ECLI:NL:HR:2012:BX9532
Hoge Raad
- Cassatie
- A.J.A. van Dorst
- B.C. de Savornin Lohman
- N. Jörg
- Rechtspraak.nl
Oordeel over niet-ontvankelijkheid van het Openbaar Ministerie in verband met overschrijding van de redelijke termijn
In deze zaak heeft de Hoge Raad op 13 november 2012 uitspraak gedaan in een cassatieprocedure tegen een arrest van het Gerechtshof te Amsterdam. De verdachte had beroep ingesteld tegen een eerdere uitspraak, waarbij het Hof verzuimd had te beslissen op het beroep van de verdediging inzake de niet-ontvankelijkheid van het Openbaar Ministerie (OM) wegens overschrijding van de redelijke termijn. De verdediging stelde dat de redelijke termijn, zoals bedoeld in artikel 6, eerste lid, van het Europees Verdrag voor de Rechten van de Mens (EVRM), was overschreden. De Hoge Raad oordeelde dat de klacht van de verdediging gegrond was, maar dat dit niet leidde tot cassatie. De Hoge Raad verduidelijkte dat overschrijding van de redelijke termijn niet automatisch leidt tot niet-ontvankelijkheid van het OM in de vervolging. Dit oordeel is in lijn met eerdere jurisprudentie, waarin is vastgesteld dat de overschrijding van de redelijke termijn geen rechtsgevolg met zich meebrengt in deze context.
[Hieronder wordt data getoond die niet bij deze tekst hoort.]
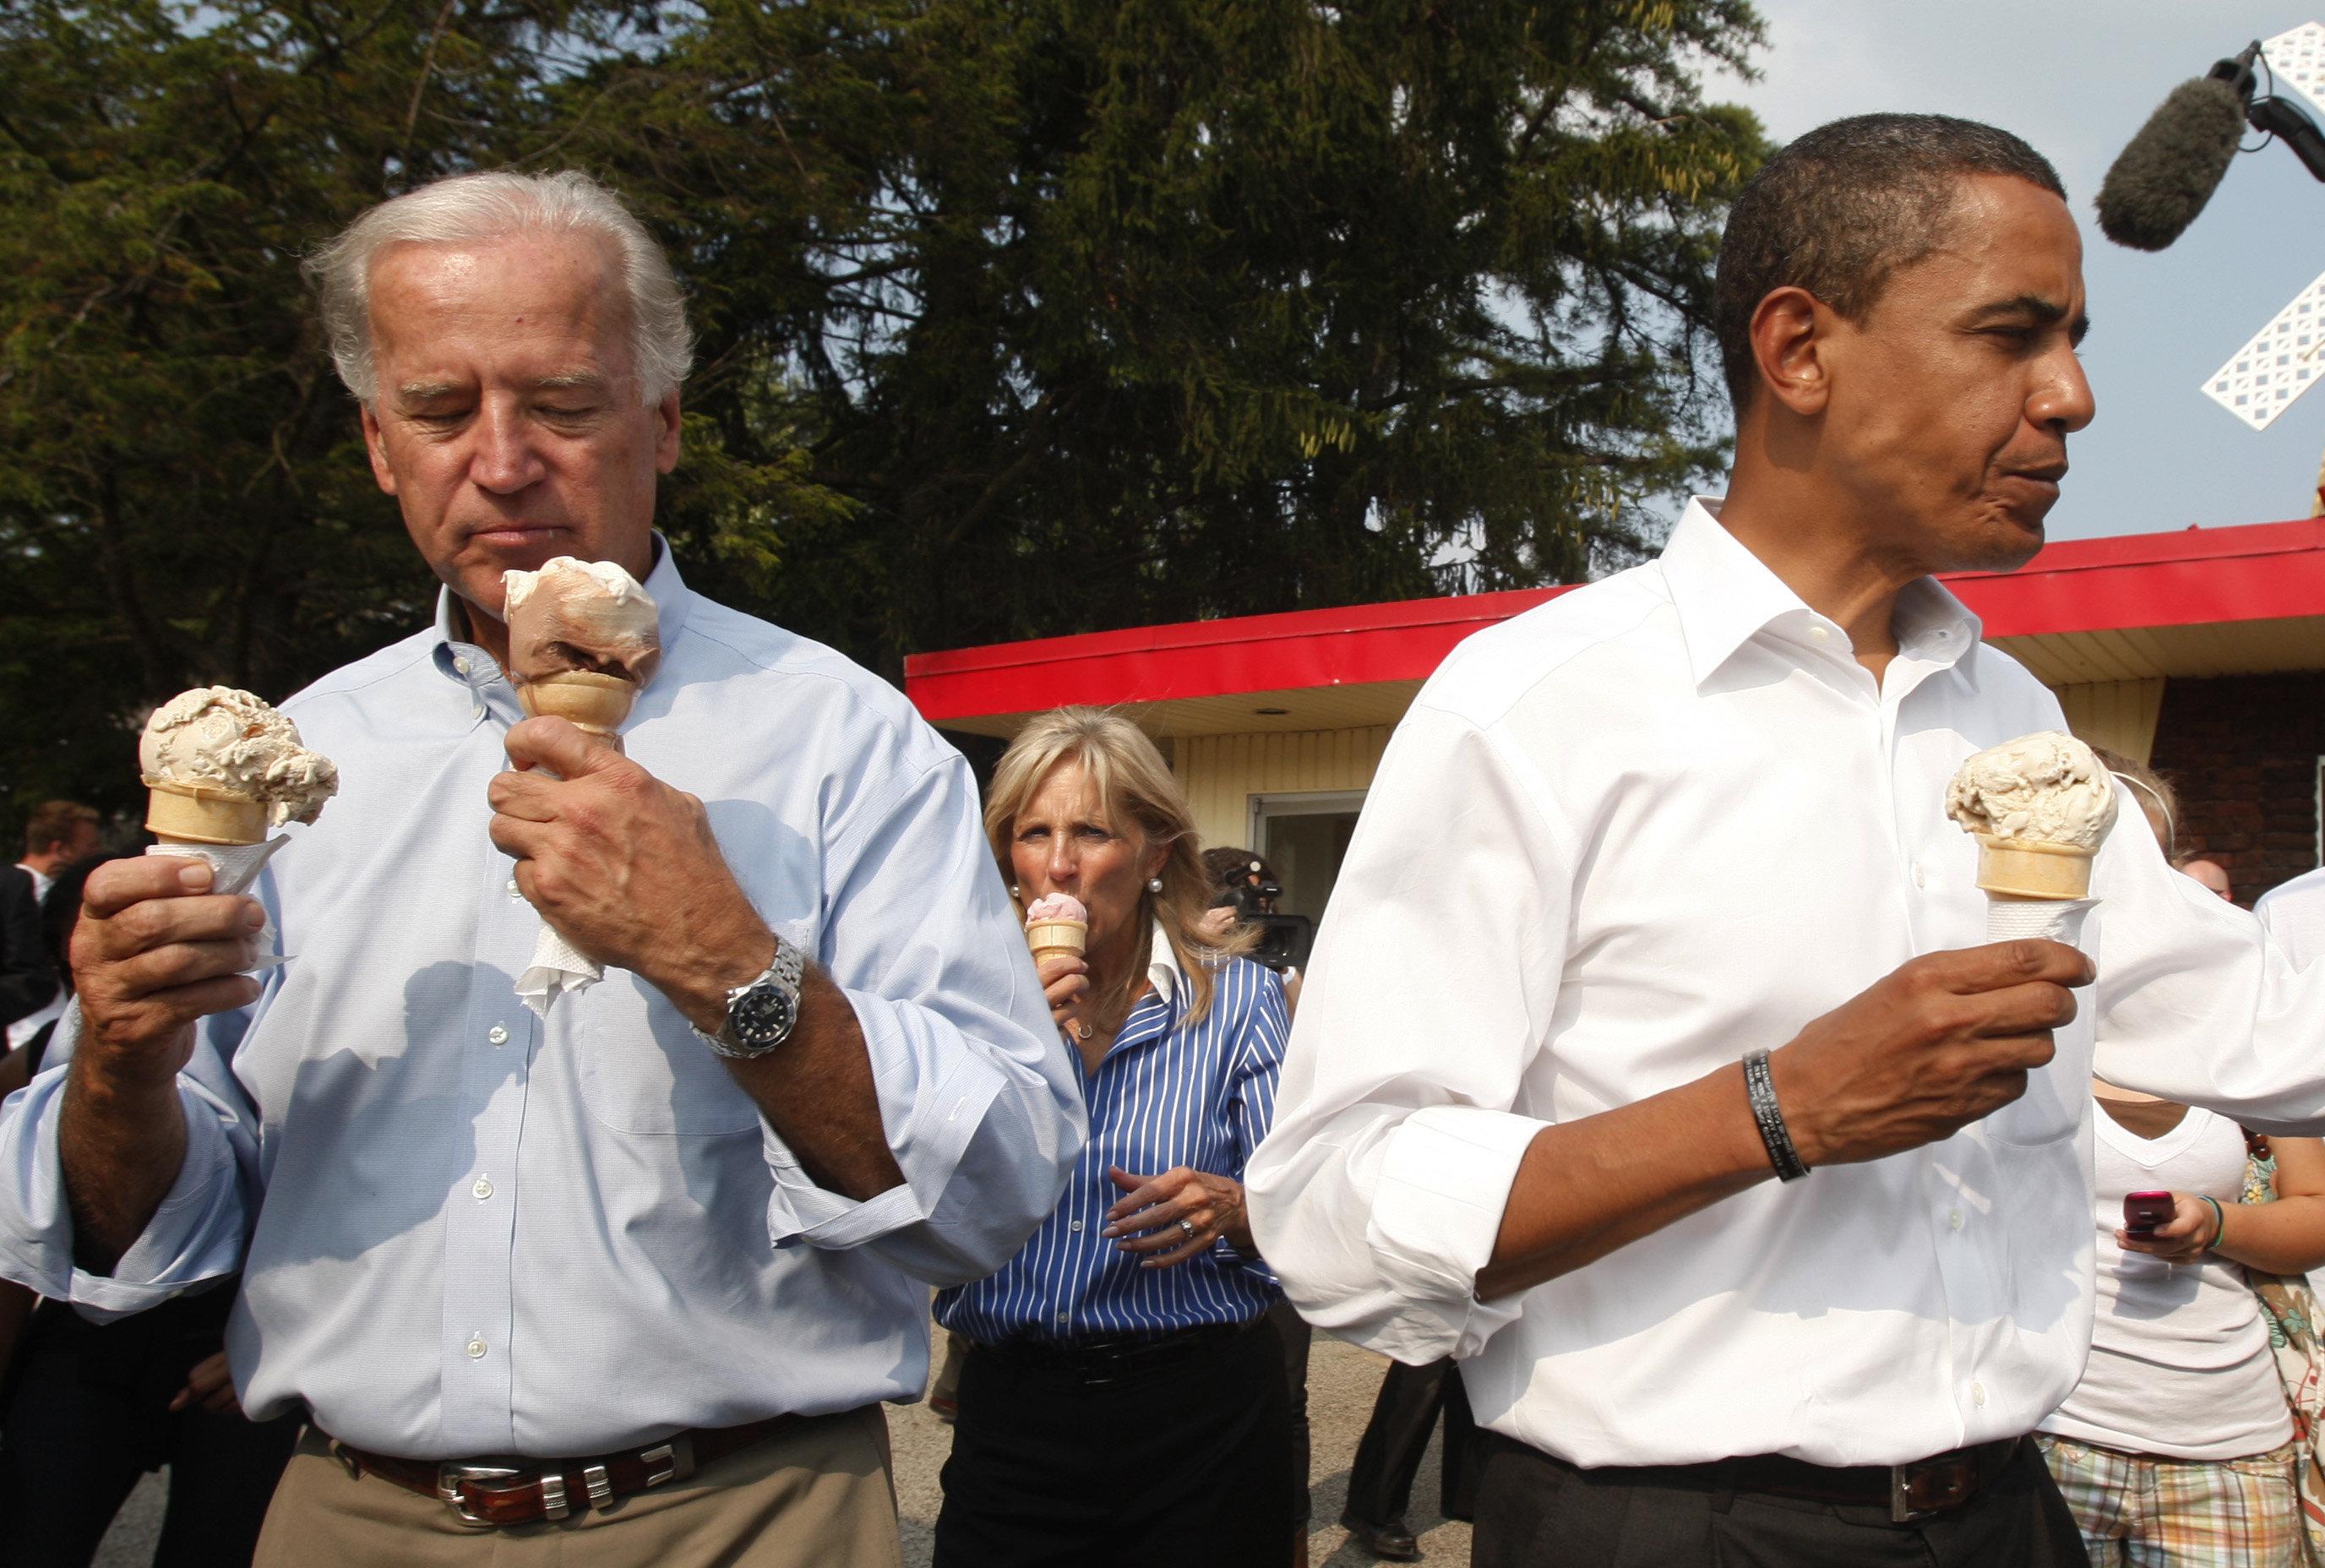 Ice cream lover Joe Biden is finally getting his own flavor Ice cream lover Joe Biden is finally getting his own flavor new pics

De Hoge Raad heeft ambtshalve de bestreden uitspraak beoordeeld en vastgesteld dat er meer dan twee jaar waren verstreken sinds het instellen van het cassatieberoep. Ondanks deze overschrijding van de redelijke termijn, en rekening houdend met de opgelegde taakstraf van een uur, subsidiair een dag hechtenis, was er geen aanleiding om aan het oordeel dat de redelijke termijn was overschreden enige rechtsgevolg te verbinden. De Hoge Raad besloot dan ook om het beroep van de verdachte te verwerpen, zonder verdere motivering, aangezien het middel niet noopt tot beantwoording van rechtsvragen in het belang van de rechtseenheid of de rechtsontwikkeling.